In addition to the lawsuits in court, KOCR faced the threat of eviction beginning in 1991. Under a capital crunch in 1989, Fitzgerald sold KOCR's facilities to two landlords, Don Tauke and Joan Nickol, who then leased the property back to the station. Tauke and Nickol received court approval to evict KOCR in June 1991, having sought court action against Fitzgerald for some time prior due to lapsed payments, but reached an eleventh-hour agreement because Fitzgerald provided evidence of activity with potential buyers. Tauke and Nickol carried out an attempt to evict the station on September 7, 1994, which was stopped an hour after it began by a court order.

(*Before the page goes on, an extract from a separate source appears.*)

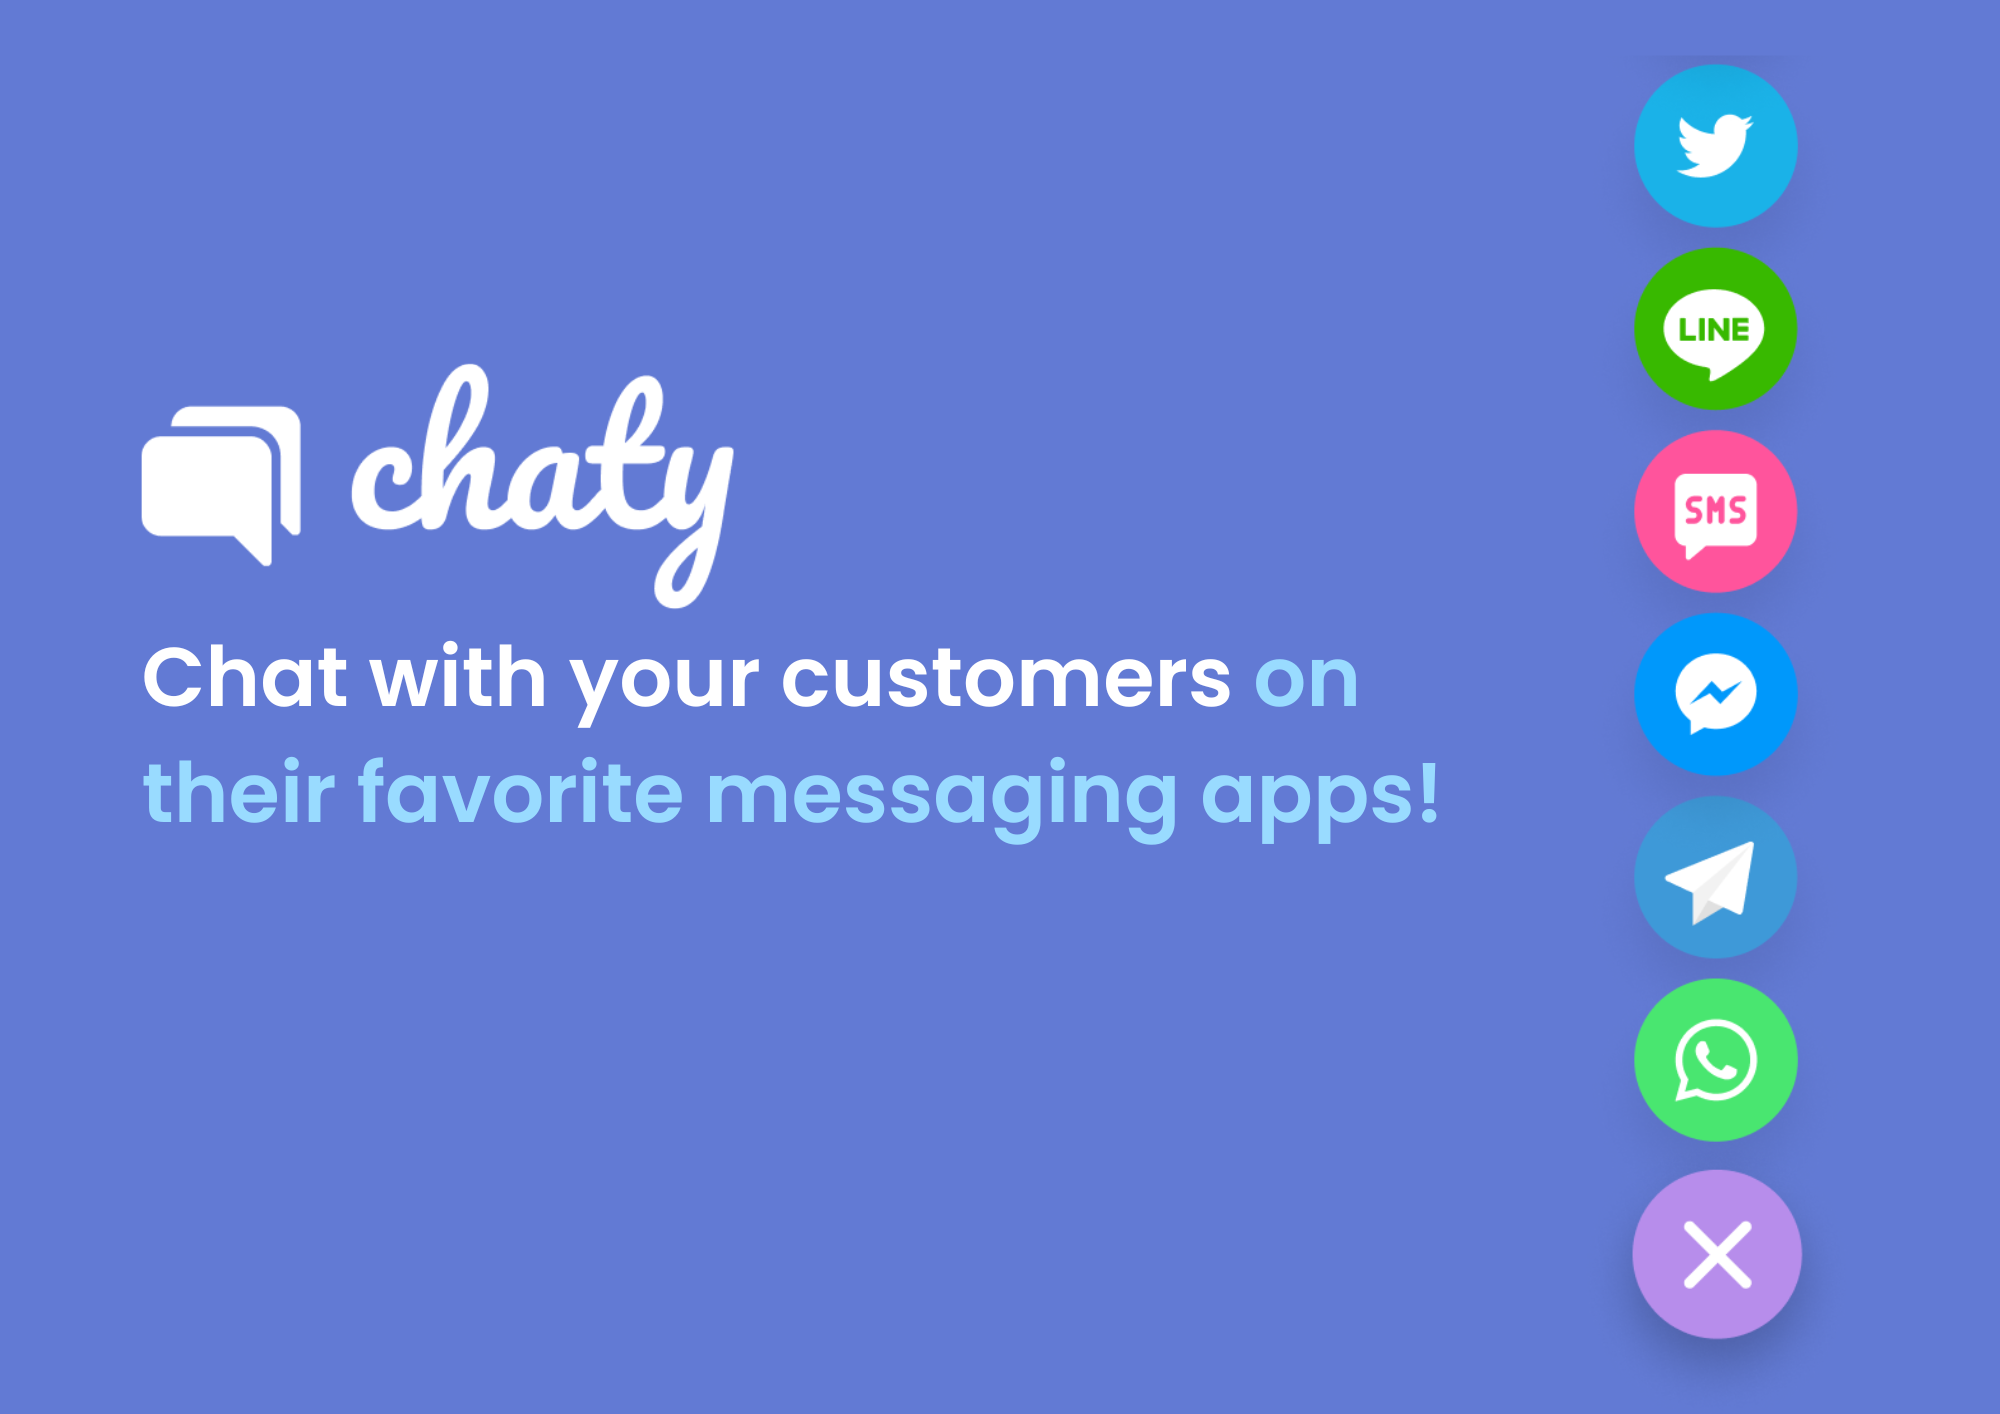 Use Chaty to connect your website to WhatsApp, Facebook Messenger, Telegram, and 20+ other chat channels

While Linn County sheriff's deputies who had fretted about how to explain the loss of Mighty Morphin Power Rangers and Beverly Hills, 90210 to their children were relieved, station officials were forced to take equipment back inside after work crews had already removed it. Days later, electricity to the studios was cut off, though the station continued to broadcast using generators for power, annoying nearby residents. After Fitzgerald missed payments on a short-term lease that was supposed to run through June 1995, Tauke and Nickol finally lost patience with KOCR. On October 6, they won court approval for another attempt to evict the station, which sheriff's deputies carried out later that day. Cable systems in Cedar Rapids and Iowa City immediately substituted Foxnet for the lost affiliate. At the time of the eviction, the station owed more than $45,000 to IES Utilities, along with $100,000 in back rent. Tauke and Nickol then sold the land to a communications company. Fitzgerald was later accused of felony fraud for failing to pay the state of Iowa more than $4,400 in taxes. During this time, it was not even certain that channel 28 would remain a Fox affiliate if it returned; Fant Broadcasting held the construction permit for channel 48, KTVC, and openly floated that it might replace KOCR as the regional Fox affiliate.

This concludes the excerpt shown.